Can AI-generated images be art? My feeling is that on the one hand, simply grabbing the output image from a generative neural network isn’t producing a piece of art. However, these neural nets are tools, which can be used creatively, flexibly and imaginatively. Generative AI can be used to produce art, in an anaologous way to that in which artists create artwork with mixed media, photography, and other methods that differ from the traditonal paint and canvas.

There are certain characteristics of art that are essential to it. One is creativity. Secondly, art is, as I see it, essentially a form of human-to-human communication: the artist has some intention for the piece they are creating. This is why a sunset, however beautiful, is not art. So, it is possible for AI-generated media to be art, depending on the role played by the human in the process of their creation.

Given this understanding of the relationship between art and generative AI, we can address worries sometimes voiced about whether generative AI is going to replace artists.

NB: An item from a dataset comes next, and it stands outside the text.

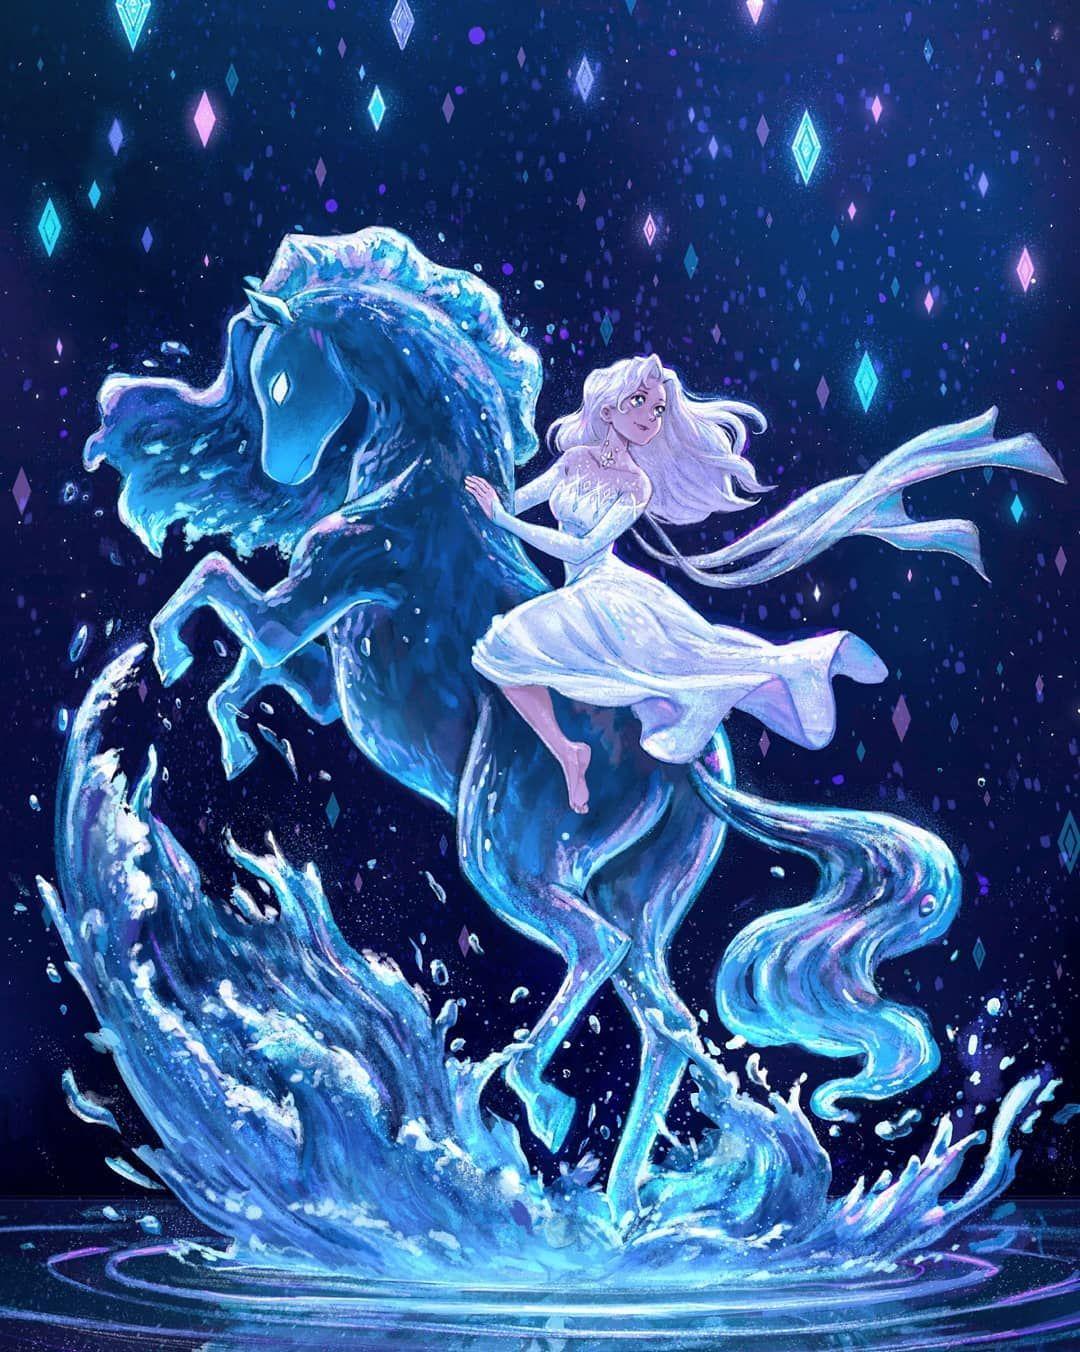 16 4k Likes 58 Comments Gonji Gogo Gonji On Instagram Frozen 2 Fanart The Moment Disney Princess Art Frozen Disney Movie Disney Princess Wallpaper

Consider the minor scandal at the end of last year when a digital art prize was won by an entry generated by Midjourney. The winner gloated “Art is dead, dude. It’s over. A.I. won. Humans lost.” I don’t see how you can hold this view without knowing both very little about the technology and very little about art. Rather than being an adversary of art, generative AI is simply a new tool to be put to various uses.

However, this doesn’t mean that other professions won’t be heavily disrupted by generative AI. It seems inevitable that less creative image-generation, like stock photography, won’t end up being at least partially automated by generative AI.

Given that philosophical digression, let’s get back to the tech.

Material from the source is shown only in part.